Isu gerakan tersebut dibenarkan oleh Advokat Aliansi Petani Menggugat, Tommy Gunawan SH. Ia menyatakan bahwa aksi tersebut benar adanya. Pasalnya, jauh hari sebelumnya telah melayangkan surat audiensi kepada para wakil rakyat Kota Metro, namun tak ada respon sama sekali.


“Benar seruan aksi tersebut memang ada. Sebab, para petani merasa geram terhadap para wakil rakyat yang tidak ada respon sama sekali terhadap keluhan petaninya.


Jauh-jauh hari sudah kita kirimkan surat sebanyak dua kali, tetapi tidak ada respon yang pasti.

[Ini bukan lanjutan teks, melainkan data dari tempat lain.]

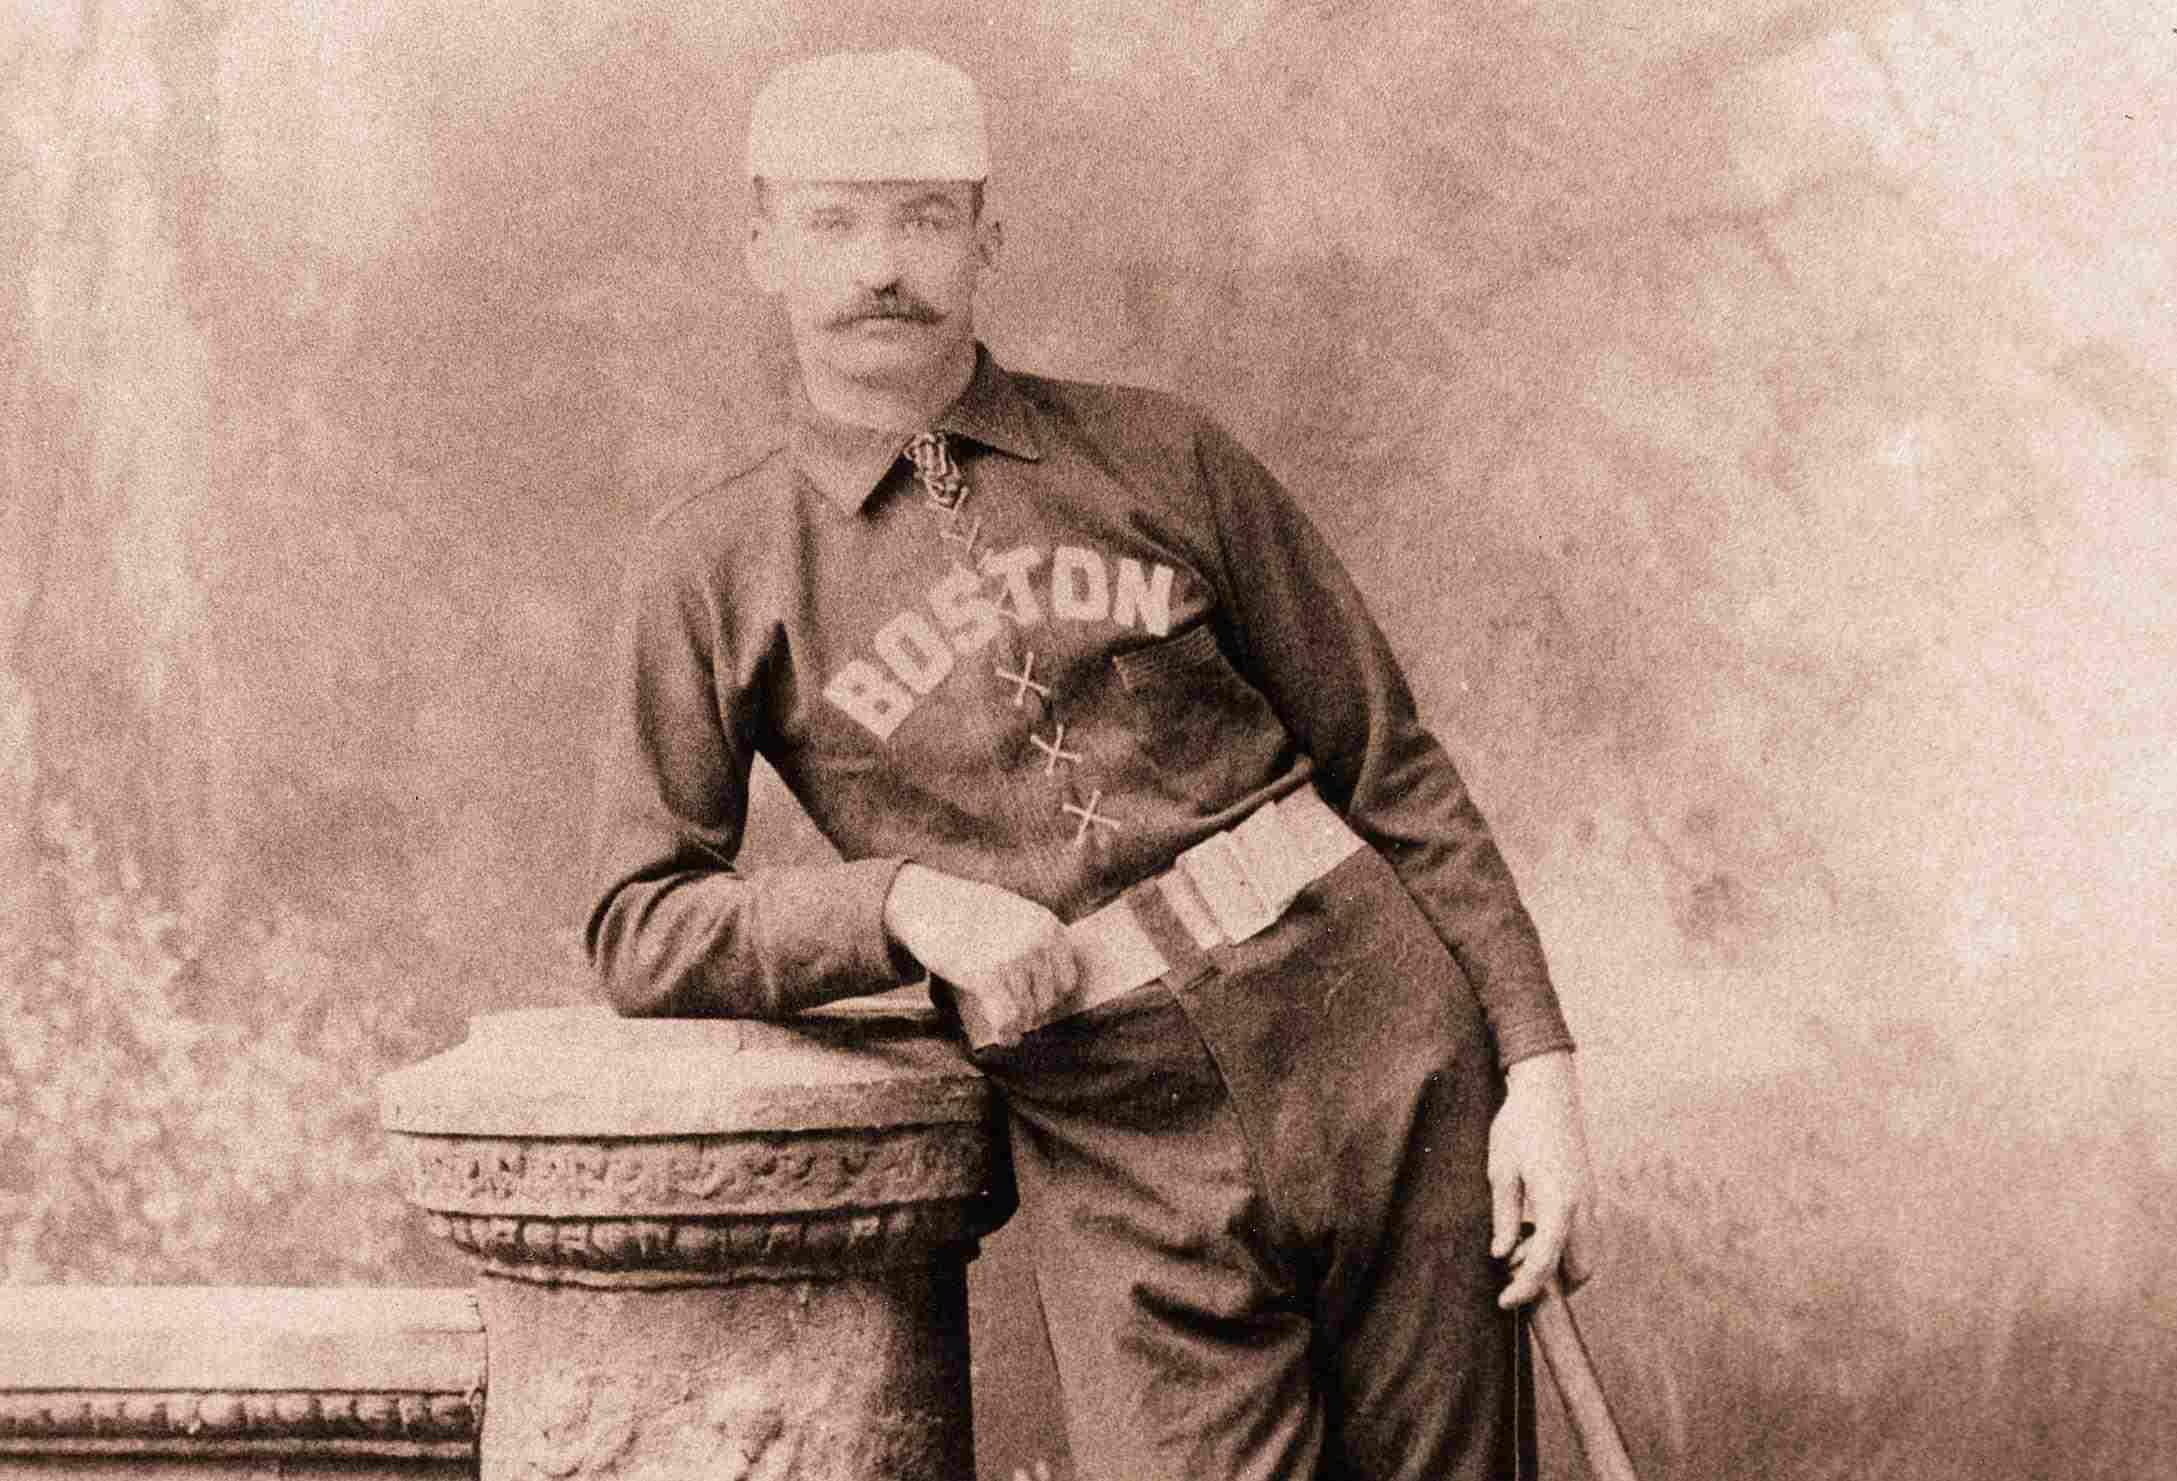 19th century baseball player King Kelly

Karena hal tersebut memang tumpuan para petani, di saat mengalami gagal panen begitu, harusnya para pemangku jabatan ada di samping mereka dengan solusi yang pasti,” jelas Tommy, kepada media, Selasa (21/04).

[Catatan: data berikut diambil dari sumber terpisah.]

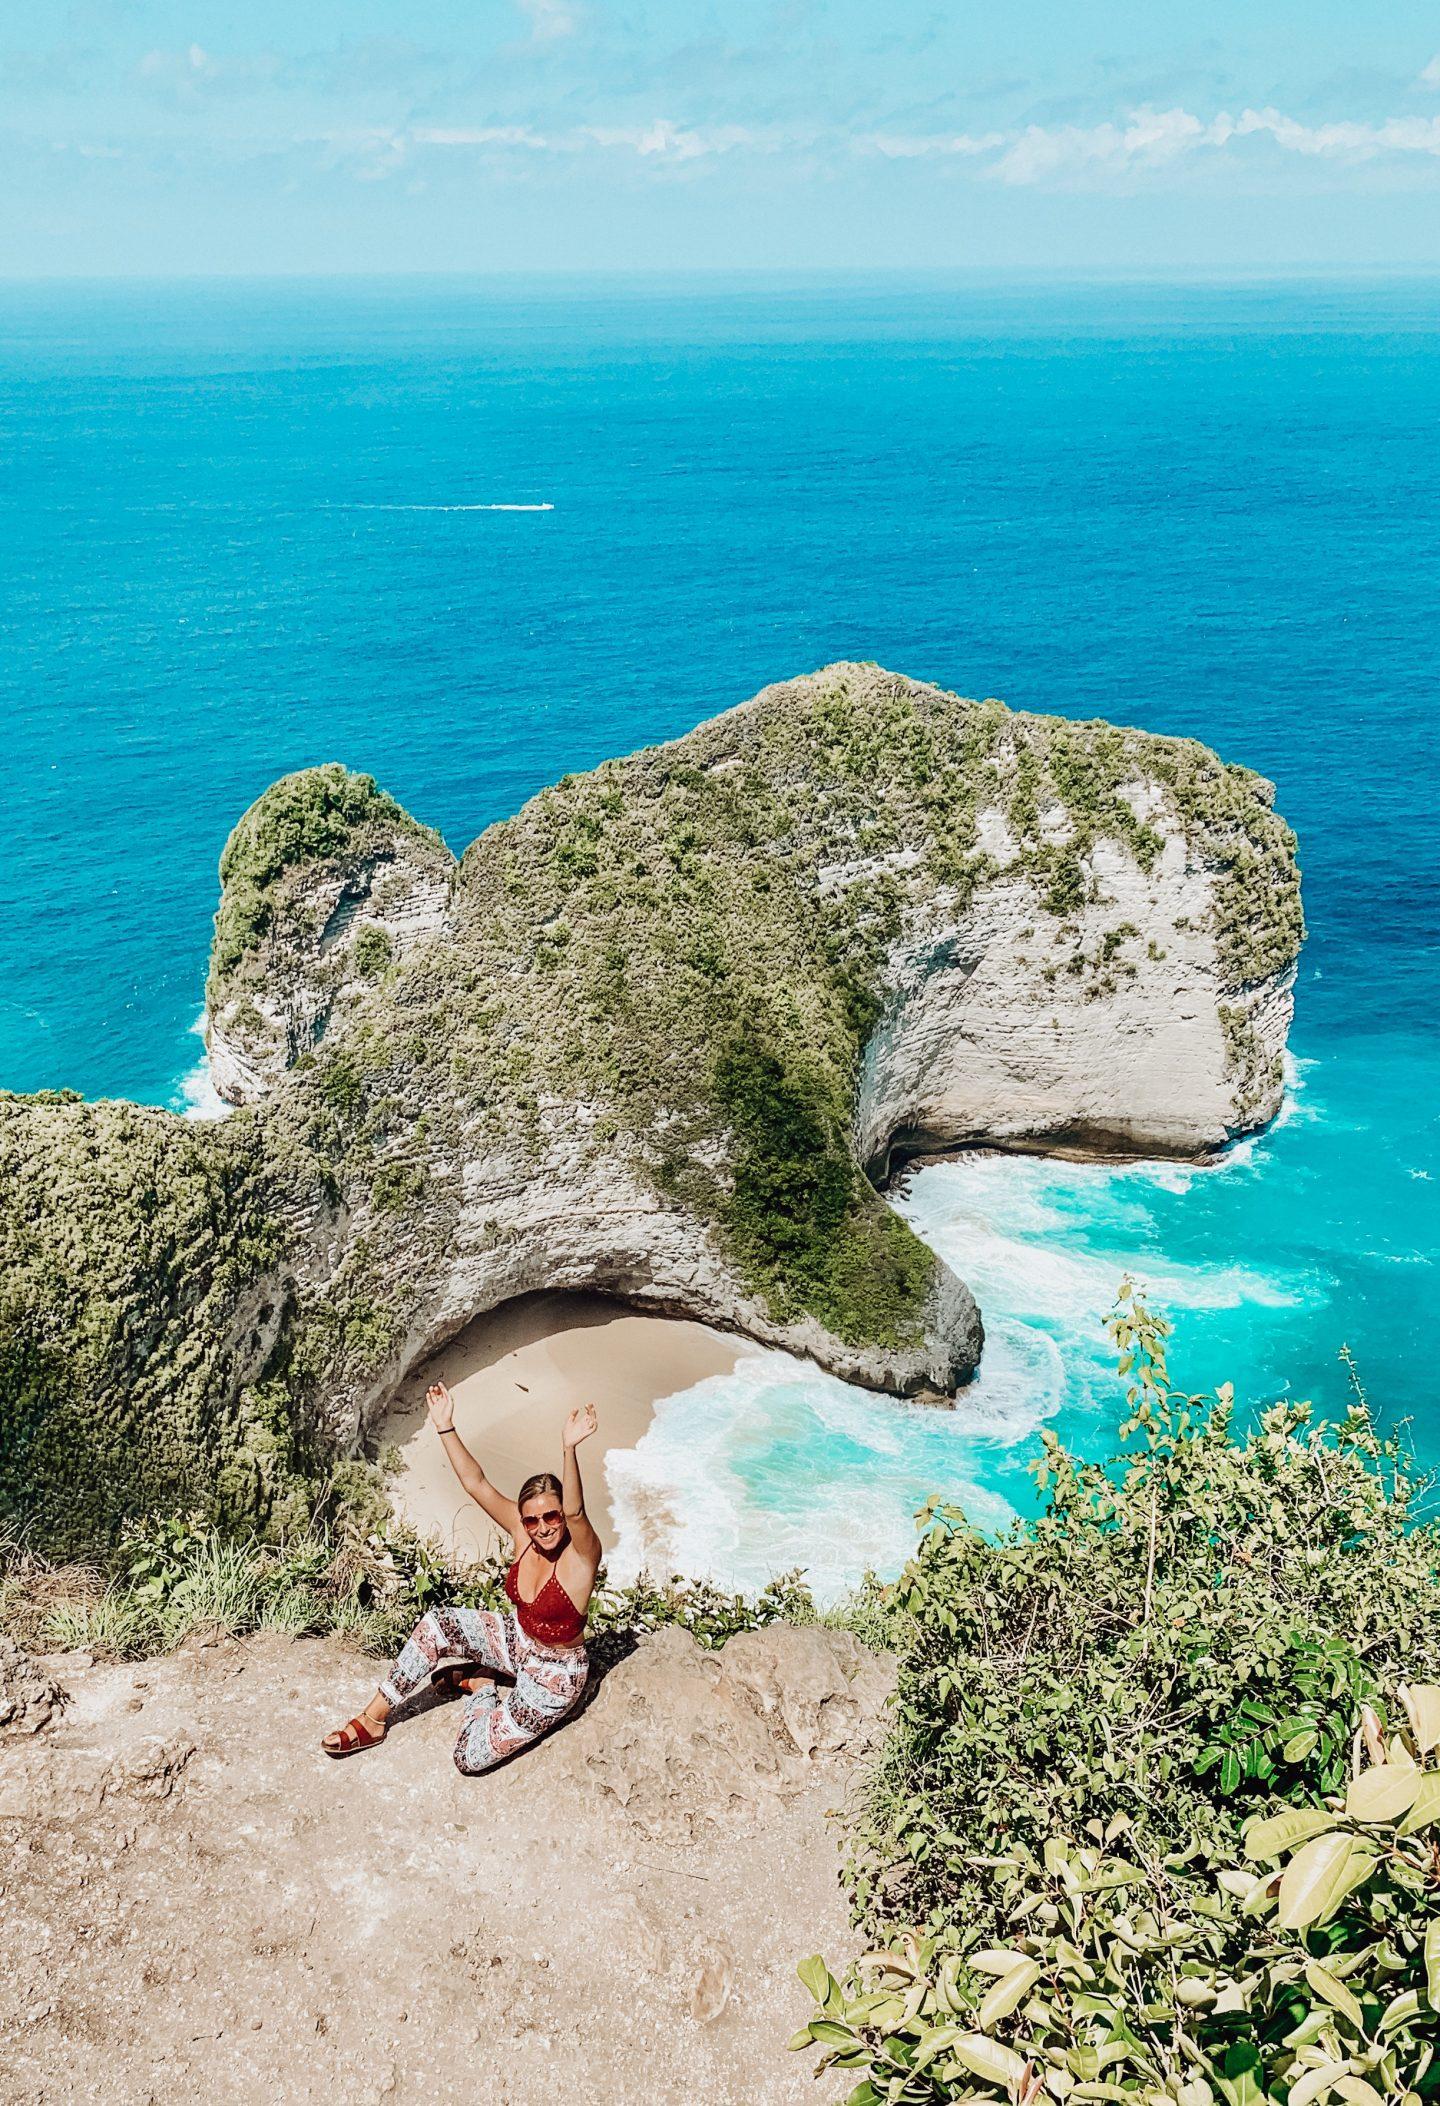 View of me looking down to Klingking Beach on Nusa Penida Island

Adapun tiga hal yang dituntut para petani dalam aksi besok, pada Hari Rabu 22 April 2026.


“Melalui DPRD, untuk mendesak Pemerintah Kota Metro memberikan solusi permanen. Kemudian, menuntut tanggungjawab instansi terkait atas dampak banjir yang menggenangi lahan petani.


Lalu, menjamin perlindungan dan keberlangsungan hidup petani. Saya perlu pertegas, kita tidak tinggal diam, hanya satu kata, lawan,” tegasnya. (red).